Nevertheless, more than 95% of the unblinded Ab+ group had the intervention interview, the proportion at the end of the trial on Tac, MMF and prednisolone in the unblinded DSA+ group rose from 64% to 82%, 59% to 73%, and 59% to 76%, respectively, whereas proportions in the blinded DSA+ group stayed constant (~60%), and the proportion taking all three IMPs at the end of the trial rose from 23% to 48% in unblinded DSA+ but stayed constant (~22%) in the blinded DSA+ group. In addition, at the end of the trial, the unblinded DSA+ group had the highest average Tac levels and were on the highest average dose of MMF. Moreover, our formal assessments of adherence revealed evidence of significant differences for each of the IMPs, at least at 12 months after the intervention. All these indicate measurable differences related to our intervention. Moreover, these all probably contributed to the lower rates of biopsy-proven rejection in the BLC patients.
There are several methodological limitations that need highlighting. Firstly, within DSA and non-DSA groups, for rescreened participants we defined the start of the time at risk (time zero) for graft failure when they became HLA Ab Positive rather than at time of randomisation. This assumes there is no effect of the blinding/unblinding to the HLA biomarker in the absence of optimised immunosuppression up until that point. However, the overall comparison would seem to support this assumption, given we found no evidence of a treatment effect for the overall unblinding strategy. We also did carry out a sensitivity analysis within the DSA and non-DSA comparisons using time at risk as randomisation for all participants which gave similar results to the main analysis.

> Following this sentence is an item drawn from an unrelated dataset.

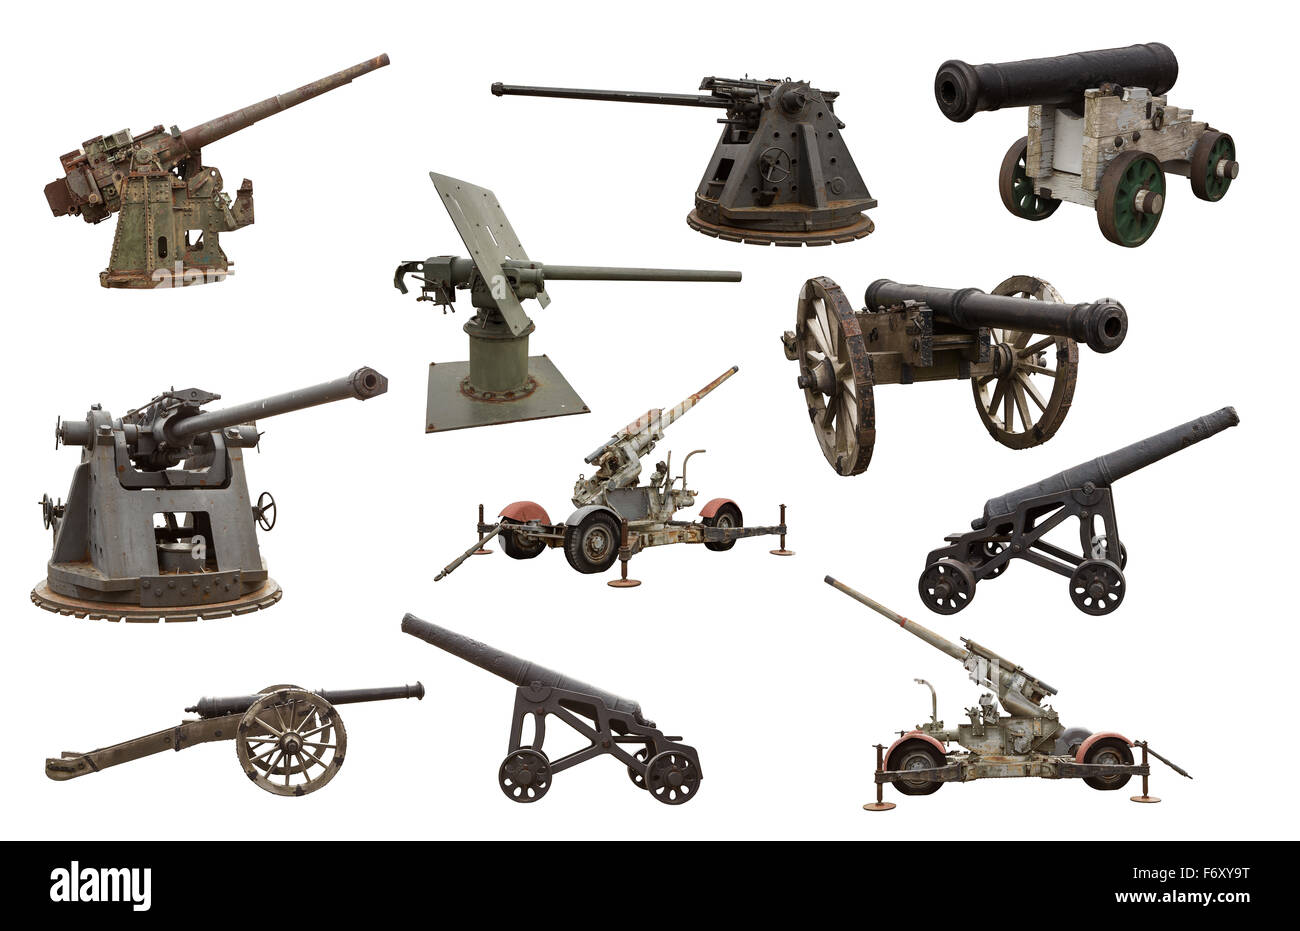 Recortar imagen de muchos fusiles y cañones de guerra Foto de stock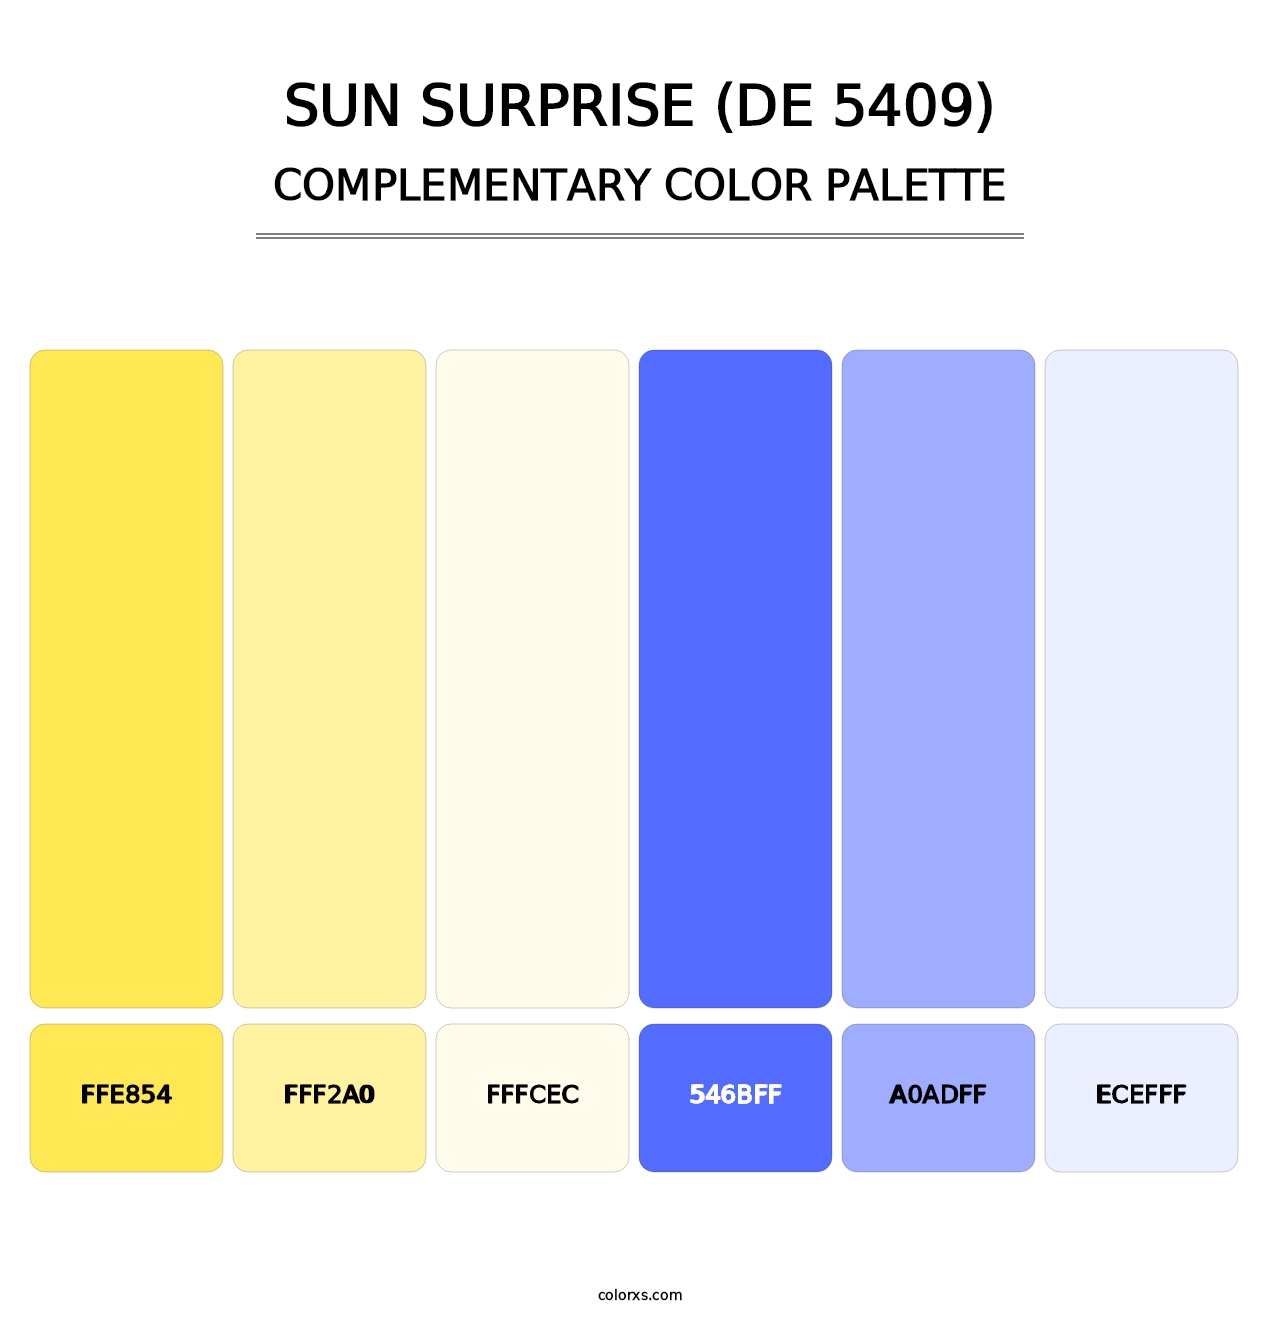 Sun Surprise (DE 5409) - Complementary Color Palette

We have made certain assumptions as to missing data, the primary analysis assumes a missing at random mechanism (with data censored at loss to follow-up or death). The effect of the intercurrent event of death was assessed with a sensitivity analysis (again which showed similar results). Other than death, the percentage lost to follow-up was very low (4%) and we consider that if the missingness mechanism was ‘missing not at random’, the impact on the results would be quite small. Secondary analyses also assumed a missing at random mechanism. Measures of the secondary outcomes (other than death) are additionally affected by graft failure and death as intercurrent events, for which the data will be subsequently missing. We haven’t directly assessed the impact of these intercurrent events (other than in the competing analysis of graft failure and death) for the secondary outcomes, and so the estimand for the secondary outcomes should be considered as following a treatment policy strategy (i.e. it is the estimated treatment effect in the absence of death or graft failure). Given we did not find evidence of an effect of the intervention on death or graft failure, this approach would seem reasonable. We have not adjusted reported p-values for multiplicity as we have defined a clear single primary outcome,50 and consequently the results on the secondary outcomes should be considered subsidiary and exploratory rather than confirmatory.
Conclusions
In this large, UK multicentre trial we have confirmed that development of DSA (but not non-DSA) is associated with future kidney allograft failure, but with failure rates markedly lower than those reported in cohorts pre-2010. We found no evidence that tailored optimisation of immunosuppression in those with HLA Ab impacts on graft failure, even though patients in our unblinded arm showed higher levels of compliance and lower rates of biopsy-proven rejection.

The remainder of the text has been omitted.